Память говорит

Берлин, река Шпрее, мост

 

 

О рассказе «Весна» Ксении Кумм. Путешествие по завиткам спирали

 

Спираль — одухотворение круга. В ней, разомкнувшись и раскрывшись,

круг перестаёт быть порочным, он получает свободу.

Набоков. Память, говори

 

I. Летя по парковым аллеям

Темноволосая Алика из Ташкента, девушка с цветаевским каре, образованная любительница литературы, умница, романтическая натура, говорящая по-русски и по-английски, приезжает в Берлин, где говорят по-немецки. Поселяется Алика у фрау Штефани, исследовательницы творчества Набокова, в комнате её дочери, отправившейся изучать русскую литературу в Кембридж, где учился когда-то Володя Набоков.

Немецкий Алика будет изучать на курсах в Высшей народной школе. Курсы ведёт тридцатипятилетний Вольфганг, знающий много языков и не понимающий только одного: женского.

Против новых студентов, двух десятков мужчин и женщин, он применяет испытанную стратегию, простите, педагогический метод. Обкатанный на предыдущих группах. Крайне строгий. Не допускающий возражений. Позволяющий человеку с квадратным подбородком подчинить новобранцев (простите, студентов) за пару часов — и сохранить подчинение и дисциплину до конца военной операции. Простите, учебного курса.

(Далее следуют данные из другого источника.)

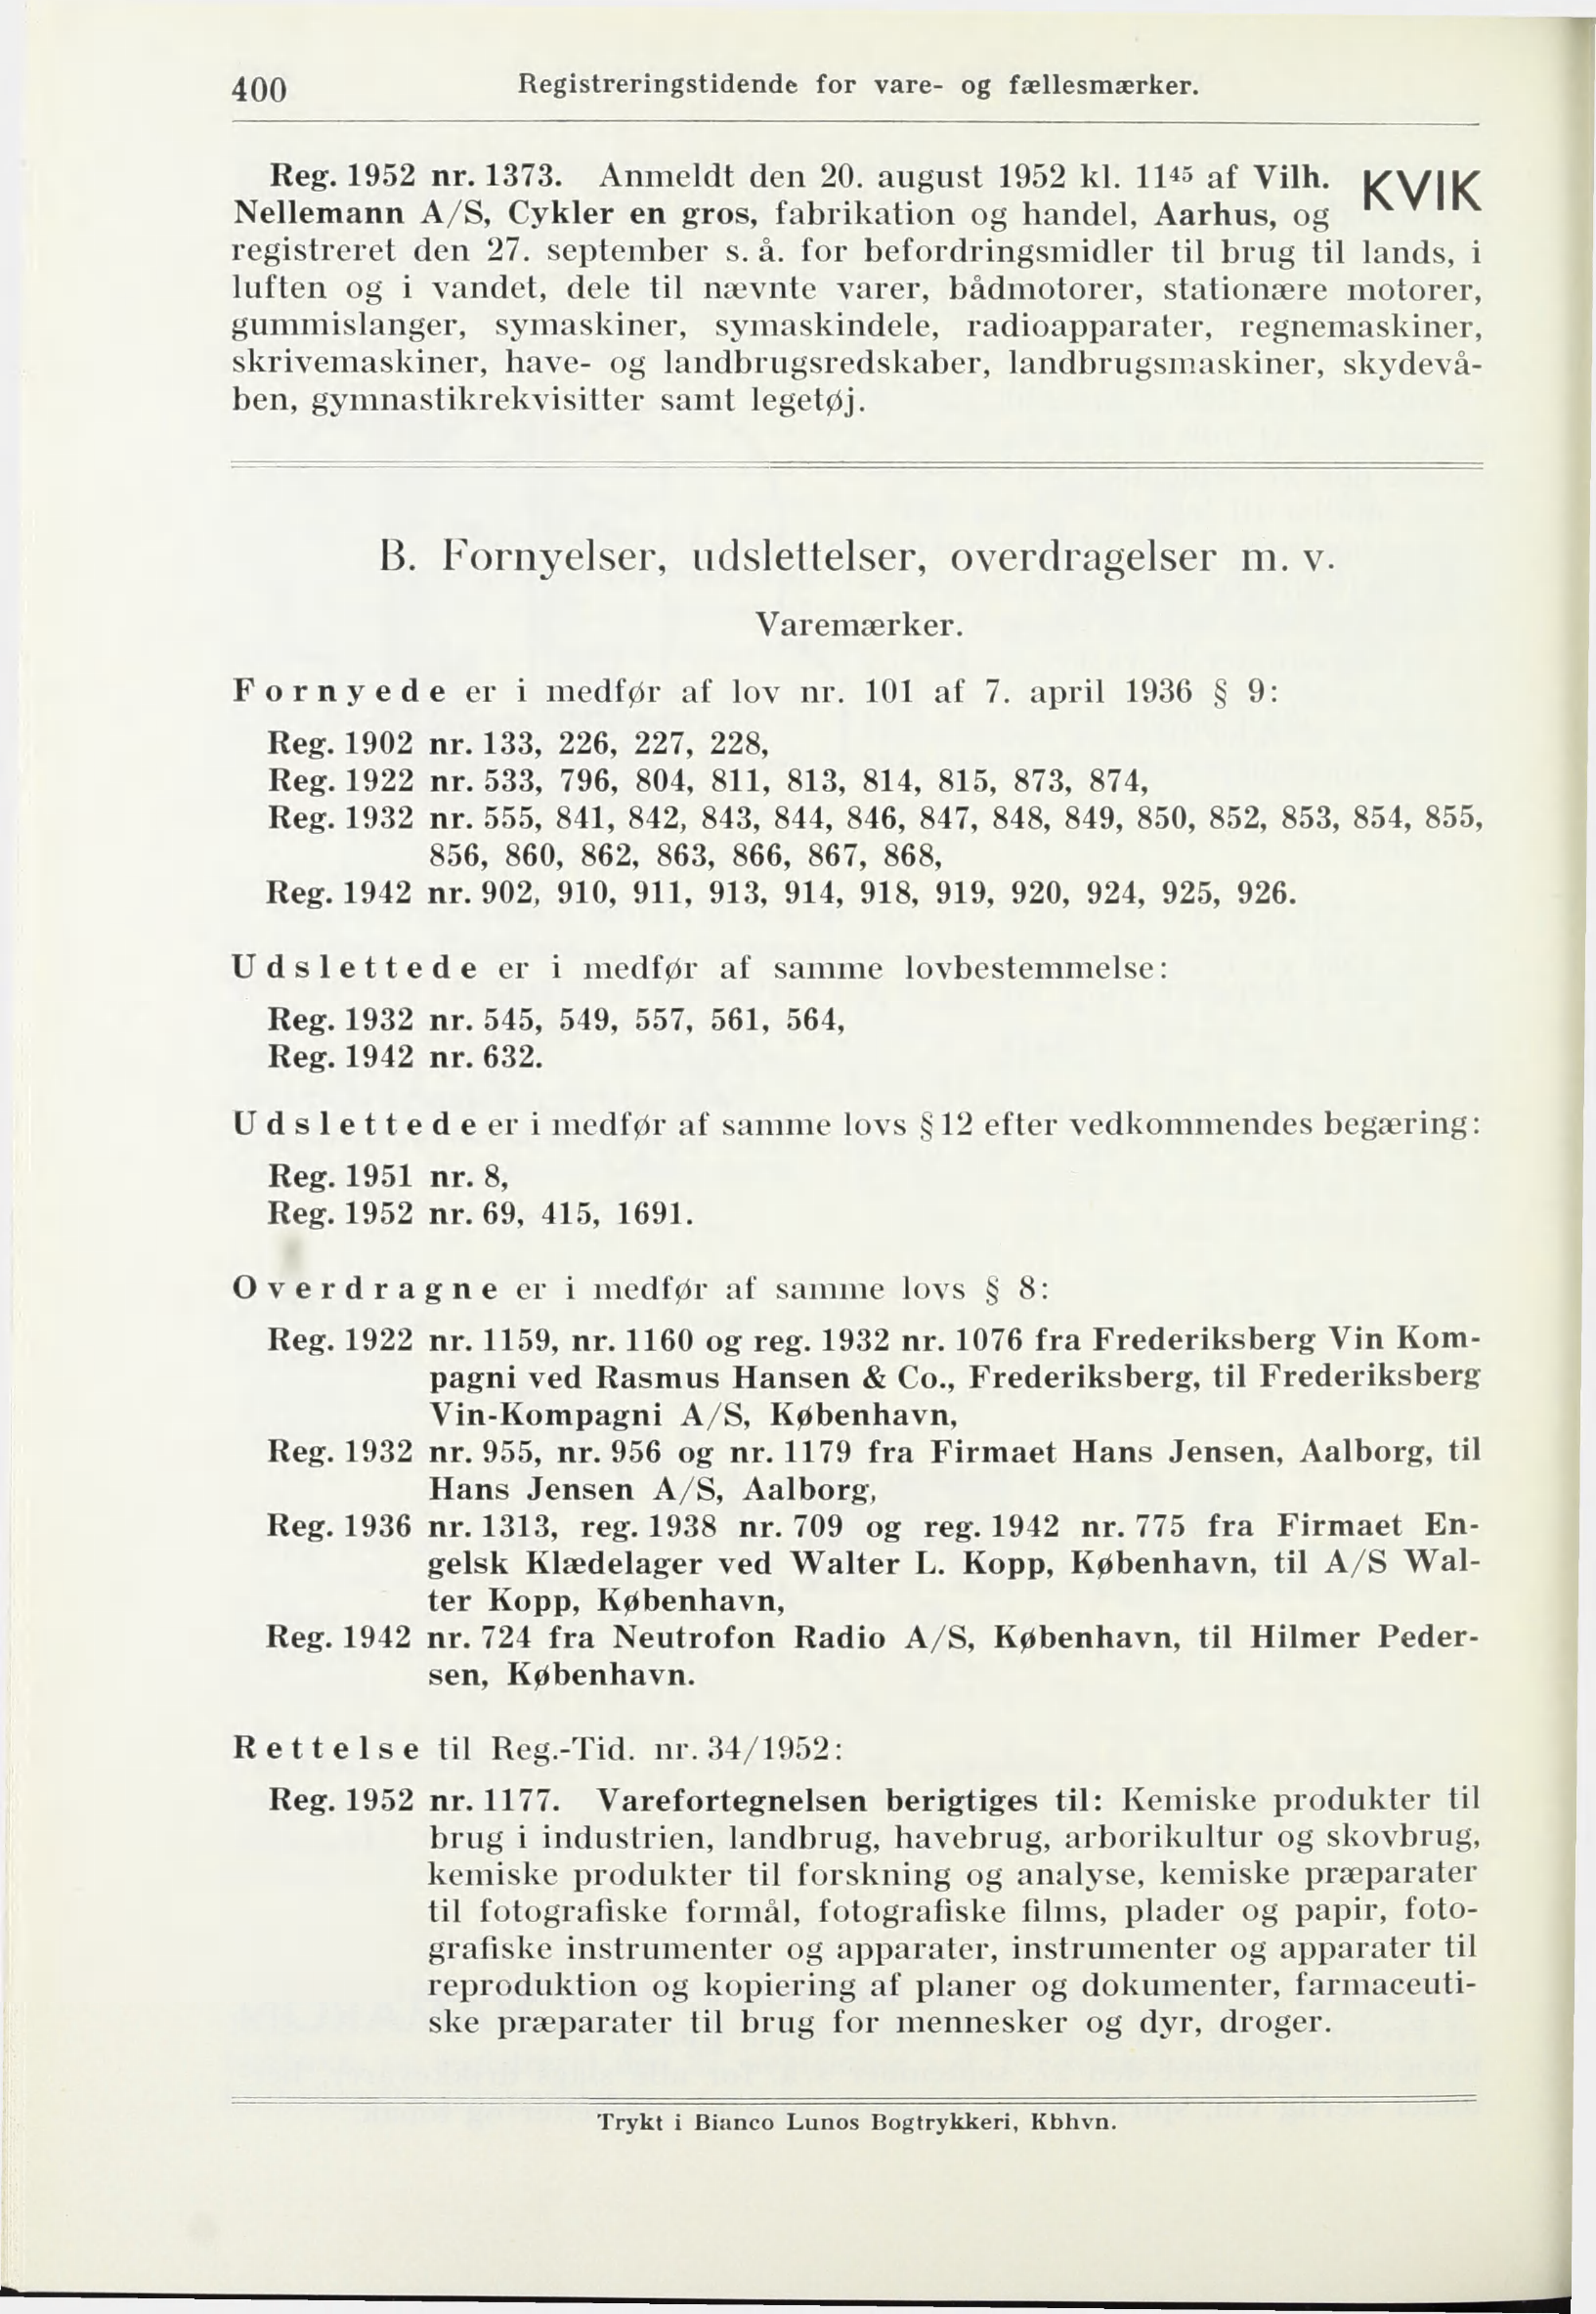 400 Reg. 1952 nr. 1373. Anmeldt den 20. august 1952 kl. 1145 af Vilh. ^\/ ^ Nellemann A/S, Cykler en gros, fabrikation og handel, Aarhus, og registreret den 27. september s. å.

Основу метода составляют два положения: говорить на уроках исключительно по-немецки; не перечить учителю. Как говорить с первого же урока по-немецки, коли дойча не знаешь, остаётся загадкой, но практика Вольфганга доказывает: те, кто выучился в его группах, идут в атаку, простите, говорят по-немецки, «совершенно бесстрашно».

Необычно ранняя берлинская весна вместе с опоздавшей Аликой и залетевшей в окно бабочкой-лимонницей разрушает стратегию Вольфганга. Ибо вместо немецкого языка он слышит женский.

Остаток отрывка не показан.